Saturday, November 14, 2015

Reverse engineering and the security of software

Erratum: I apologize if somebody is left with the impression that the "pond model" is of my invention.It is not. I cannot trace the history of it, but here is a reference for it:


Large portions of this blog post was written in April (or there abouts). I’ve only updated it in some places and seriously reworked a comment on bug bounties. It was part of a larger blog post that I wanted to make and never finished. It just kept on growing. The blog post would’ve been called “Perverse infosec incentives” and is about the totally messed up incentive structure present in infosec sector today. Any micro economist would have a field day applying standard micro economic theory – especially the industrial organization subsection of micro economics and analyze just how badly infosec economics works. The other sections that I’ve not finished and probably never will, have the following headers – I’m sure most of you guys can fill in the blanks from reading just the headers.
Why exploits are weapons
Why #yourboyserge proves that anti-virus works and why I am free riding
Why anti-virus companies might be better off showing false positives
Why does public available information about offensive security dominate defensive
Why would it be a good idea for an infosec company to blog
Peak malware

You may ask why I’m posting this now and haven’t done so earlier. Well – one reason Is that I was beat to bringing up the subject. I believe Haroon Meer was responsible for that, but I’m not sure. Any ways I’m glad that it is brought up, whoever did it. The other was I actually halfway decided against trespassing on info sec politics terrain. My reason was I wanted to keep my blog about technical stuff. Eventually there was a bit of mission creep with the “Nostalgia posts” and I think I’ll just let it creep some more. I blog for fun, why should I care about mission creep? Finally came a tweet from Marion Marschalek that read: “Infosecs first problem in policy work is its heterogeneous community that doesnt get its plenty opinions together. Free after @halvarflake“.  All this made me think that even though these things have been said before and almost certainly better that I can, maybe if enough people join the choir somebody will listen.

Reverse engineering and the security of software

It is often that reverse engineering software is disallowed in license agreements. Sometimes it’s even argued by software manufacturers that reverse engineering software should be generally outlawed to protect their intellectual property. I shall argue here that reverse engineering for information security is in fact important for all information security and software quality in general using classical arguments from the Industrial Organization branch of economics. This blog post is not meant to be rigorous, but to introduce some useful economic concepts.  The release of this blog post was motivated by discussion on reverse engineering and the relevance of the Akerlof(1970) article for this discussion. Though I agree that this article is indeed relevant, I shall argue here that the while Akerlof’s problem has simple solutions those solutions do not work well for the software security problem and that reverse engineering does provide a solution.

You would obviously be right if you immediately though that economics doesn’t say anything about security.
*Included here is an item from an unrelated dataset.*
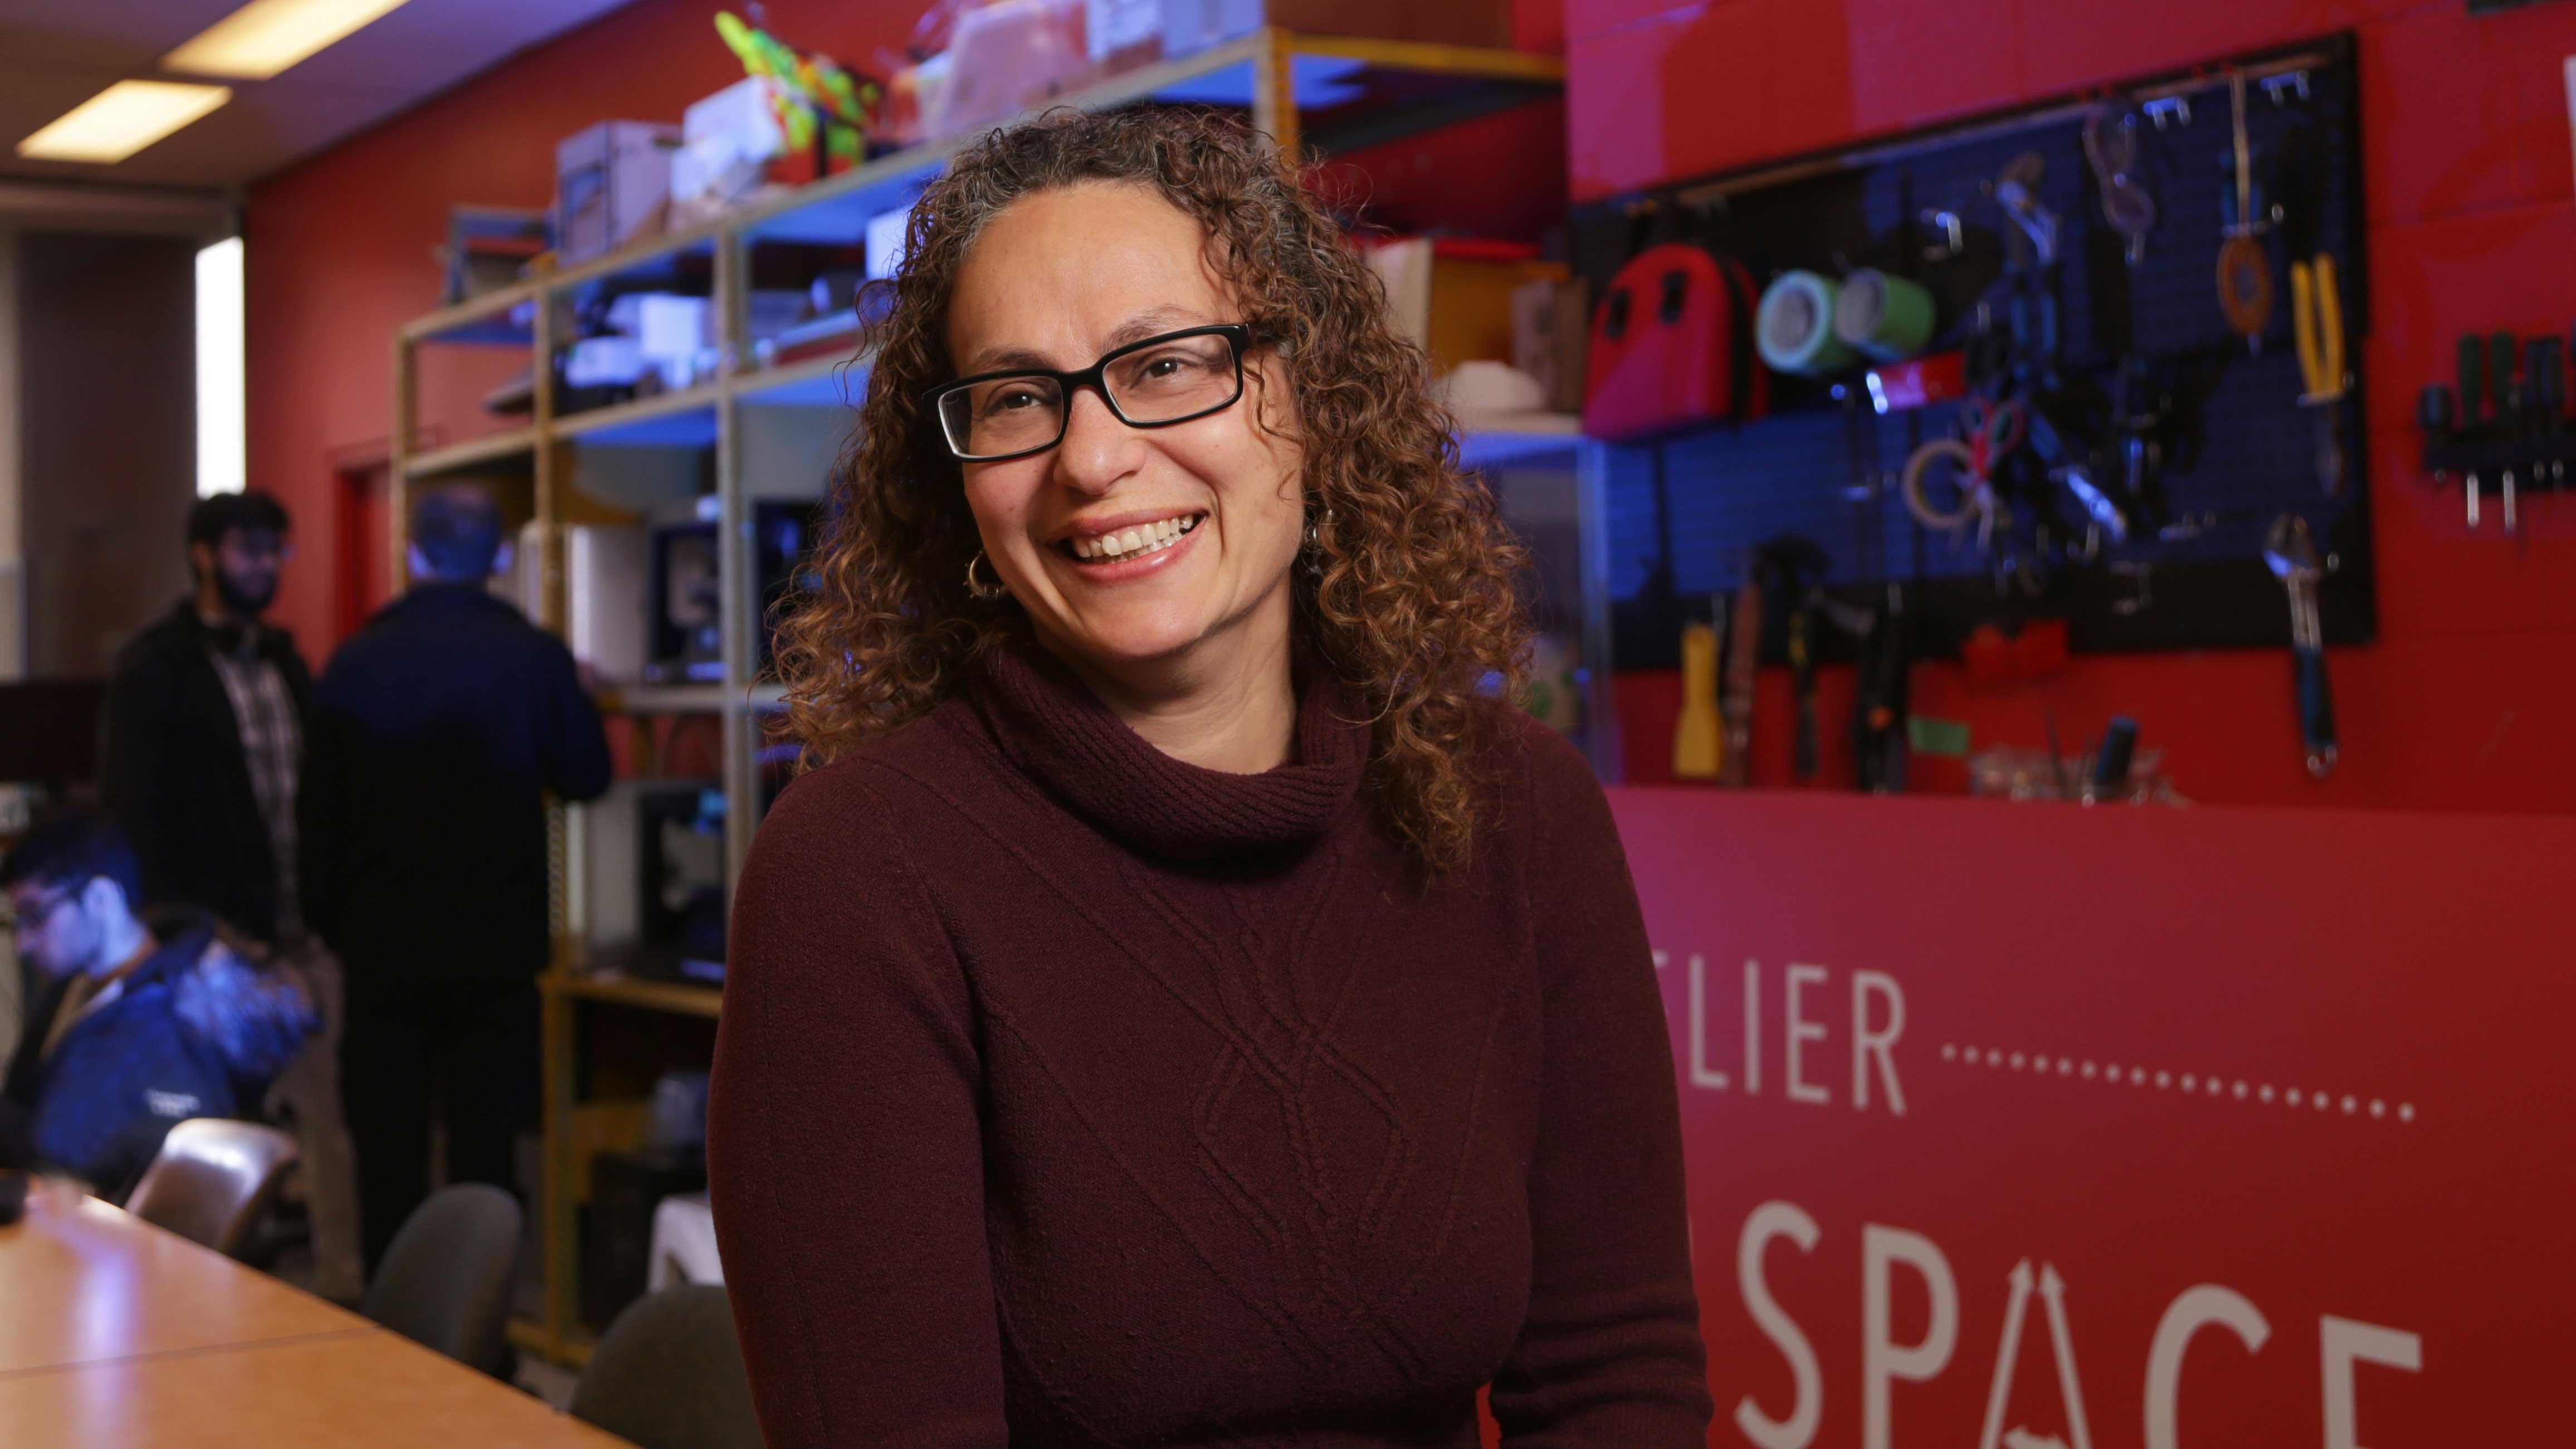 Hanan Anis sourit dans l'atelier Makerspace

But it does say something about quality and a product being secure would be considered a quality by most customers and by a society as a whole it certainly should. Thus when I talk about software quality I’m talking about how secure it is in this text. There are other aspects of software quality which I’ll ignore here even though the same argument extends themselves to other measures of quality. I’ll use the quality lingo to stay in tune with classic economics.

Akerlof(1970) made an economic model for the market of used cars. His model has two kinds of used cars: cherries and lemons. Consumers are assumed not to be able to identify if a car was in great shape (a cherry)  or in bad shape (a lemon – after your facial expression once you find out you bought one). However the car dealer / previous owner would know. Say the value of a lemon is $600 and the value of a cherry $2000. With every other car being a lemon the average value would be $1300 and a rational; risk neutral consumer would thus be willing to pay this for a car. Obviously no dealer would sell a cherry for this price and the market would break down.
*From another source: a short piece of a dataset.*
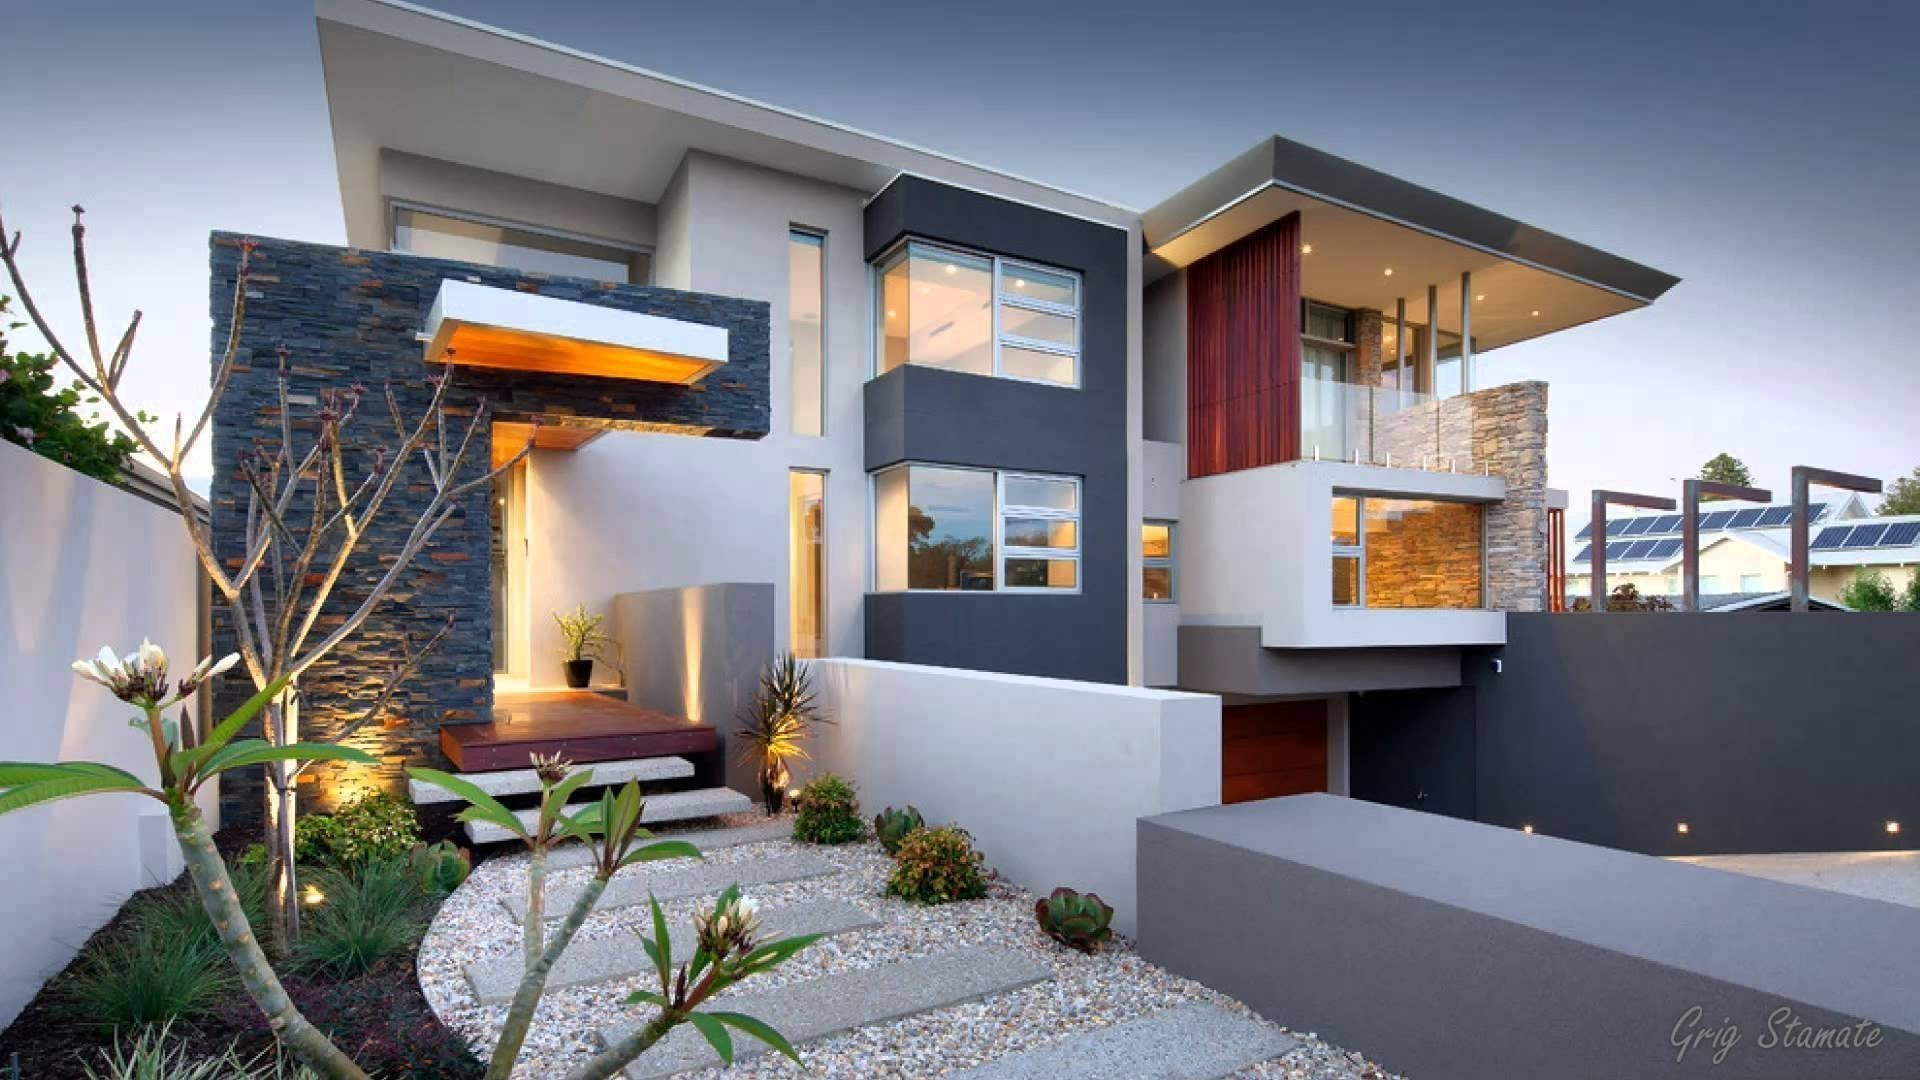 New Modern Luxury Home Hd Wallpaper - Ultra Modern Best Modern House Design - HD Wallpaper

Akerlofs example illustrates what economics calls imperfect information. The parallel with software security is that normal people are perfectly incapable of detecting if software is easily exploitable or not, in the same way people like me couldn’t tell a cherry from a lemon. But this is where the parallels start to break down. The solution is easy in the used car market because a dealer warranty goes a long way to realign incentives – nobody wants to give a warranty on a lemon. Vendors could also start selling only cherries to build reputation. No such simple solution exists for Software.

Economist sometimes distinguishes between 3 kinds of products in relation to quality and imperfect information. The first is the “search good”, I don’t know which laptop I’d like to buy, but if I research it long enough I’ll figure it out. The second kind of good is the “experience good”. You find out the quality of the product after you buy it. Drive a car for a couple of years and you know if it is a lemon. The last kind of good is the “credence good”. Chances are that you’ll never know if your tooth paste contains the right amount of fluoride for your teeth.

I argue that software is a “credence good”. That the software consumer is unlikely to ever know if software was of good quality and thus secure. The thing with software exploits is that they often leave little or no trace, so even if you do get hacked you’d often not know how it happened – even though you may very well figure out that you were hacked. This gives software vendors a perverse incentive not to invest in software security – consumers cannot identify it in any way and it’s likely to be costly, thus making software vendors investing in security less competitive. We would predict only a partial market break down for software – everybody knows that there is no cherry software because there is no reason to produce it. Because of the “credence good” nature of software – that is the fact that consumers never know the quality – there is no easy way out of the problem through warranties or liability. Nor can vendors build reputation by only selling cherries. In this oversimplified model we’ve institutionalized software insecurity.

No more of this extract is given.